Remember I was only seven years old, and in order to frighten me back into obedience I was told that those who "choose" not to believe in God and Heaven will forever be punished by pitchfork wielding demons, while hellfire burned the flesh from my bones for all eternity.  (Nobody bothered to explain how my soul, no longer encumbered with my earthly body, could have "flesh" to burn, but then again none of this seemed to be too carefully thought out.)

I pondered this information as I received it, but my follow up questions as to the location of Hell (And for that matter Heaven), were either ignored or rebuffed.

I remember devouring books about oil drilling and Volcanology assuming that if ANYBODY would stumble onto the entrance to Hell surely they would be the first.

But nothing was ever mentioned. Which to my young mind was insane. Why WOULDN'T we be looking for such and incredible place?

It did not take me too very long to determine that this place of eternal torture was a fantastical tale with no basis in reality. And with that realization came my first experience with rage.

I was to deal with my bad temper often in my life, but I did not usually get so angry that I could not be reasoned with or talked down, but this was one of those times.

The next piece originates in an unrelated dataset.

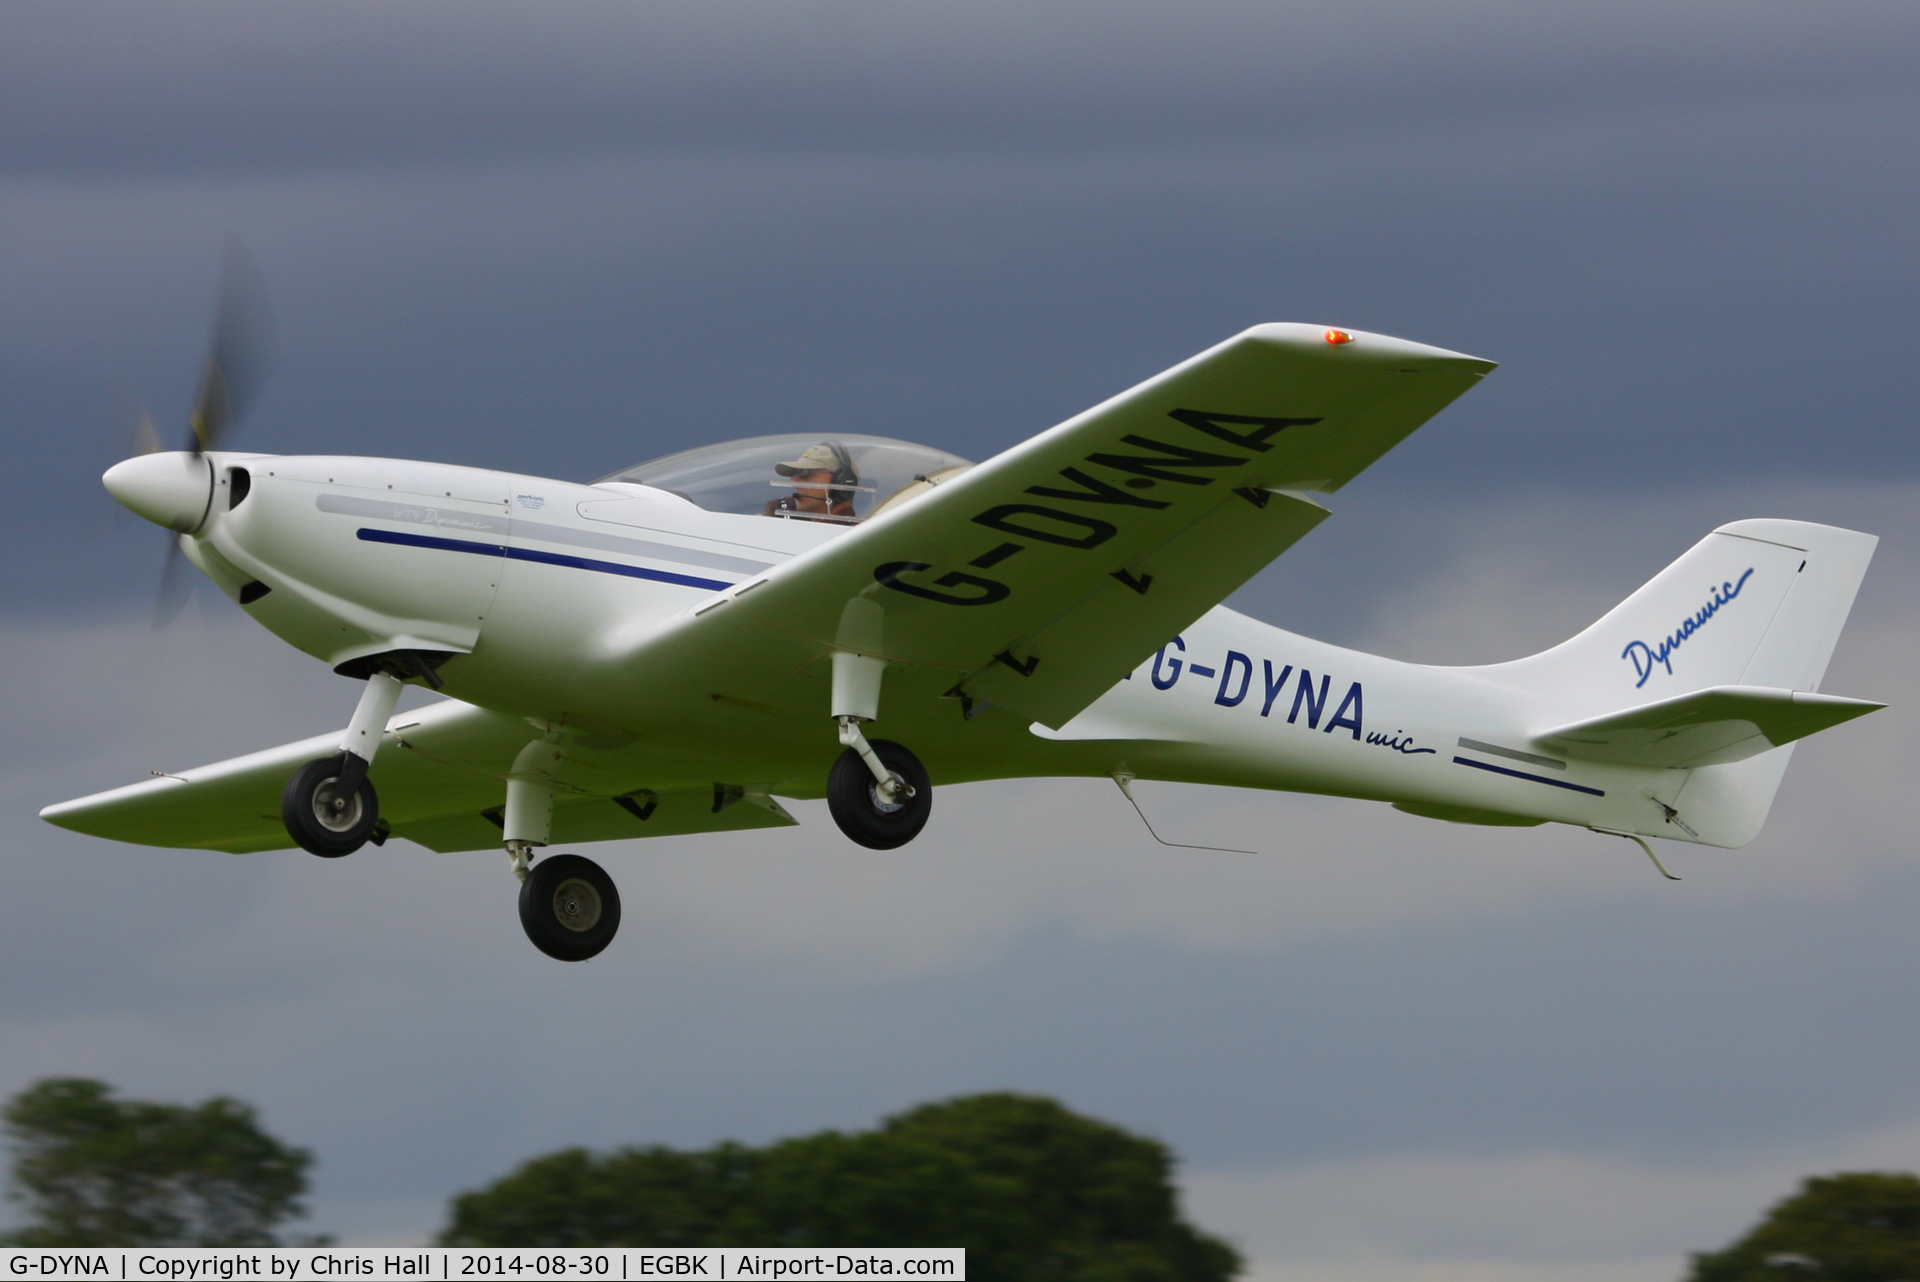 G-DYNA, 2006 Aerospool WT-9 Dynamic C/N DY135/2006, at the LAA Rally 2014, Sywell
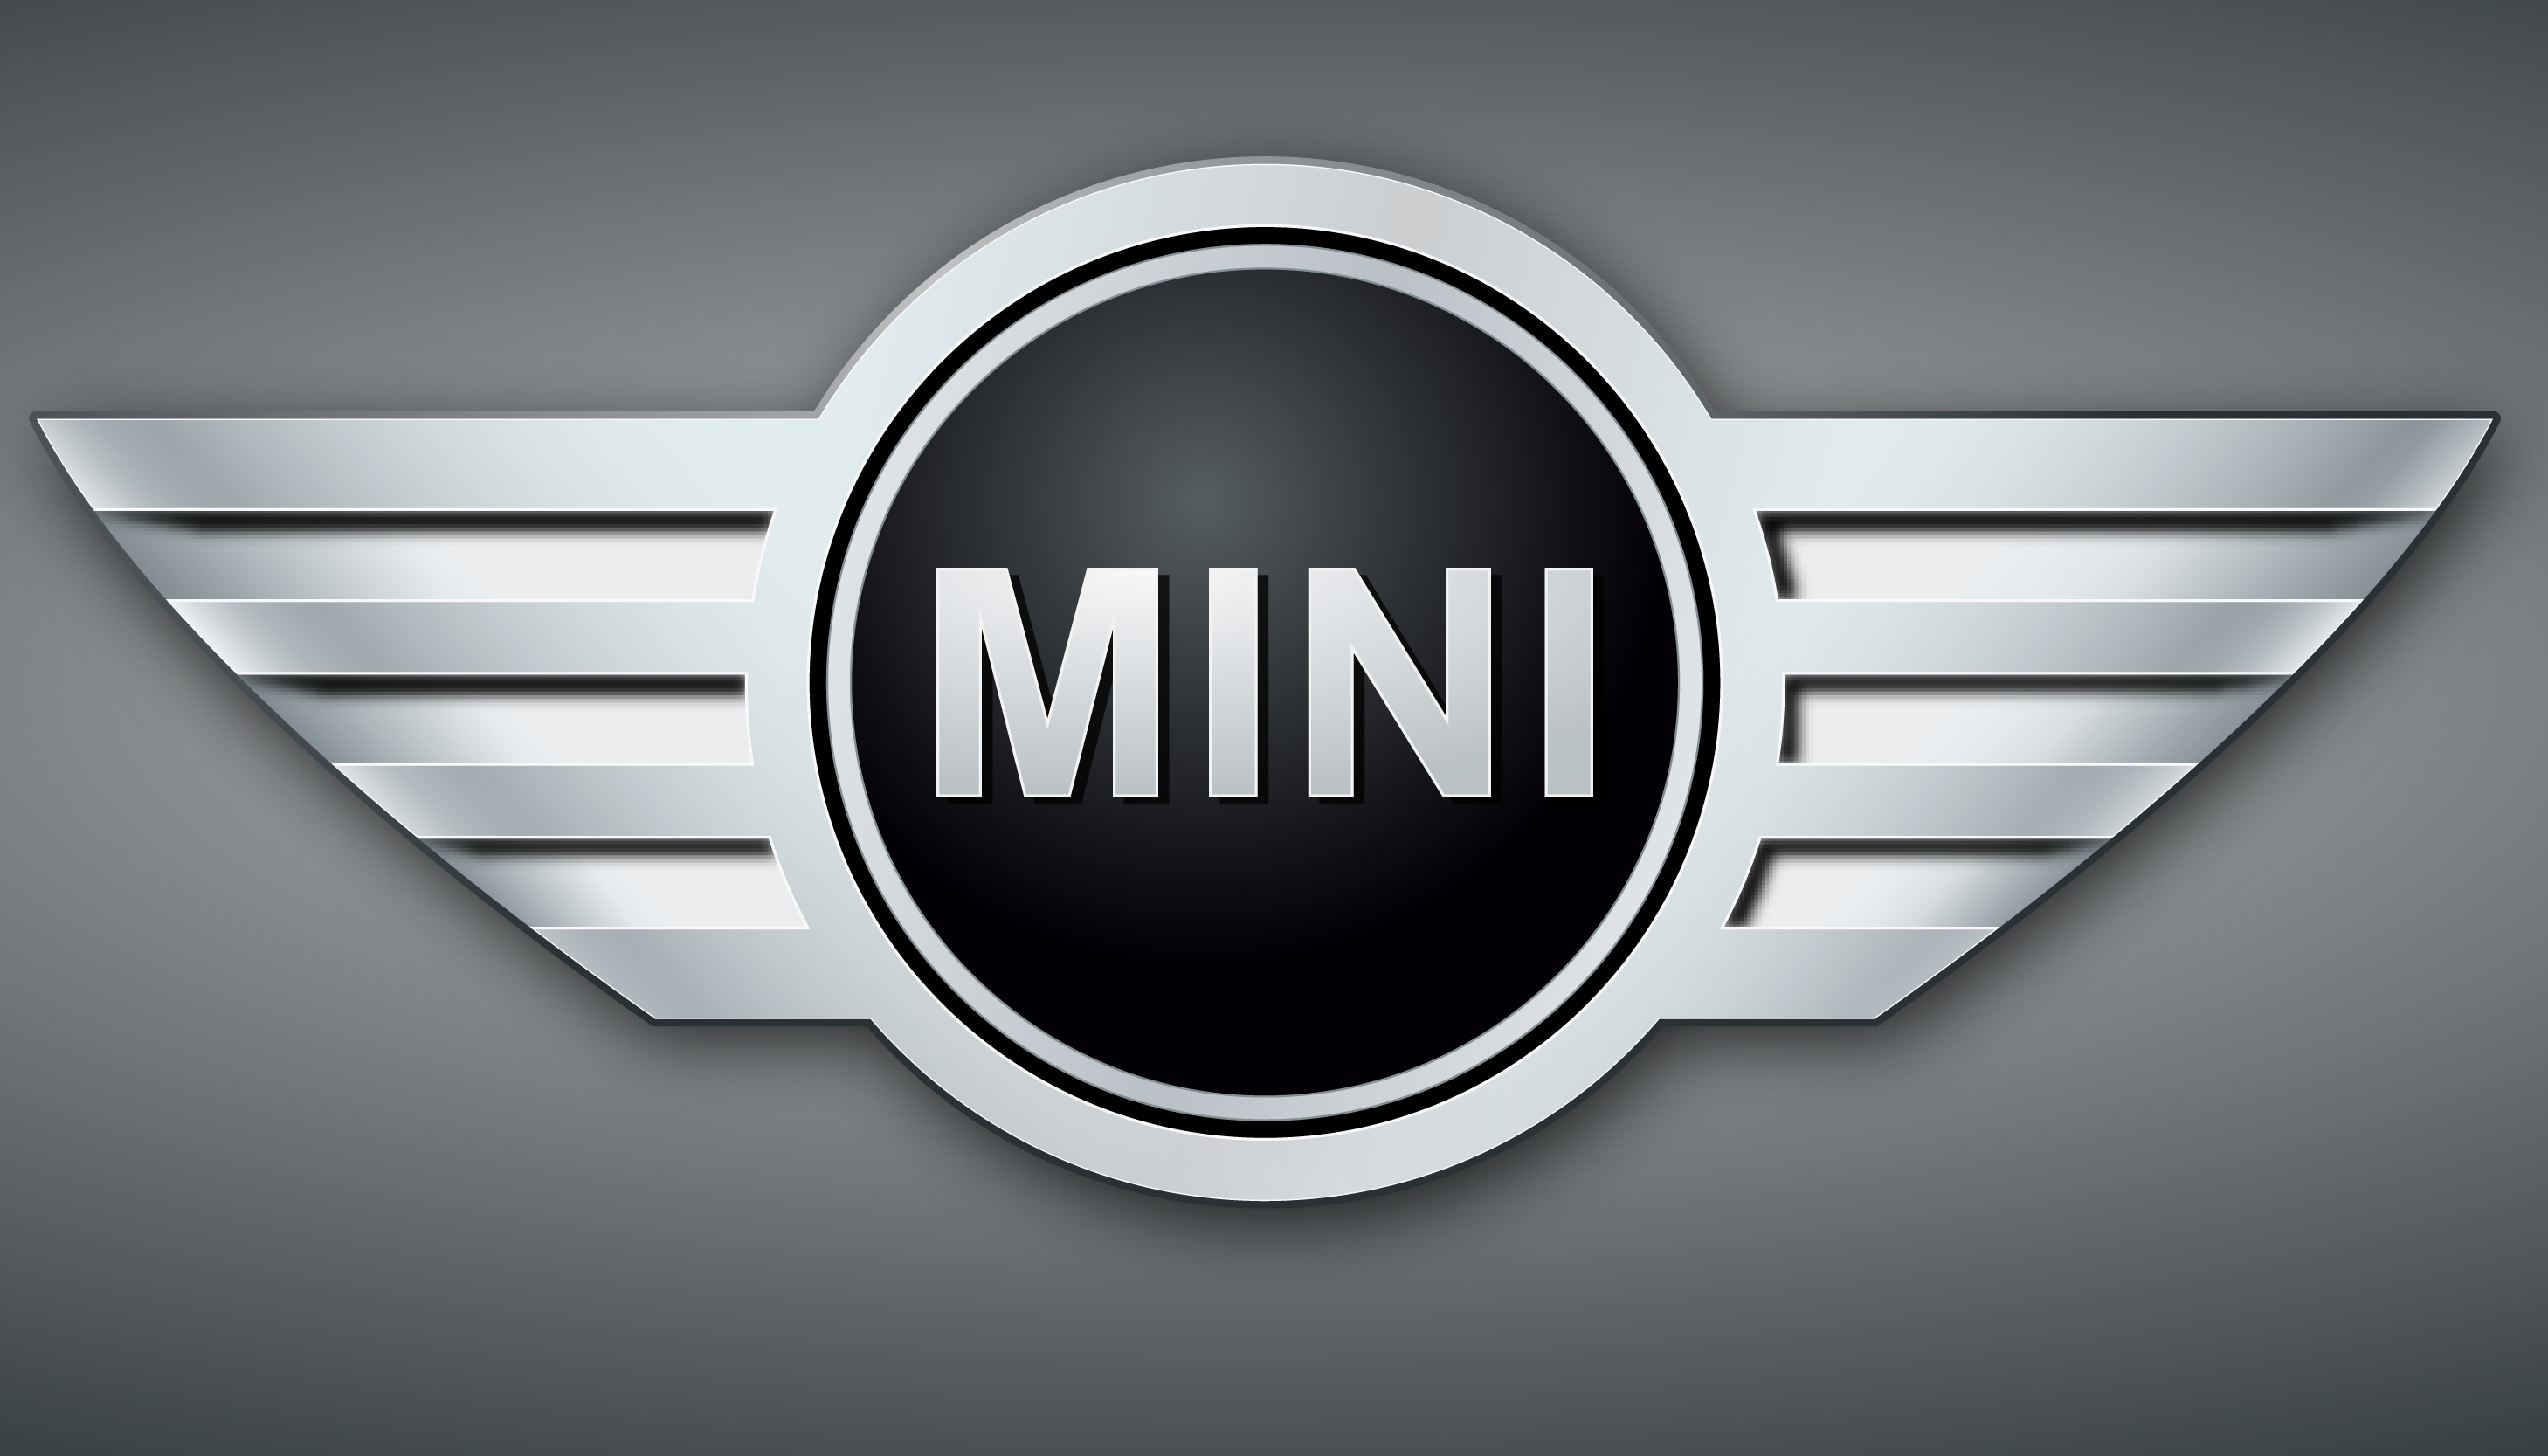 MINI Cooper S Logo Rover Company, mini, text, logo png | PNGEgg

How DARE they use such a horrible lie to bully children into submission! How dare they insert such terrifying imagery into our dreams! How dare they make us fear that the deaths of our loved ones will see them punished for all eternity, and perhaps worst yet, that WE may we forced to live forever while being separated from those we love but who failed to earn God's grace.

As if such a place as that could ever be called "Heaven."

What could be the excuse I wondered? Do the adults not know any better? Or do they know, and yet feel they have the right to lie to us because we are children? Or are they in fact as deluded as children themselves, and no longer worthy of my admiration and trust?

I fretted about this for months, refusing to go near a church or to talk to anybody about religion.

I remember being kept in from the playground because I frightened the other children with my talk about the possibility that there was no God.

"What is wrong with you young man? Have you lost your senses? Do you not fear God's wrath?"

"No, I don't. Is that why I must be kept indoors?"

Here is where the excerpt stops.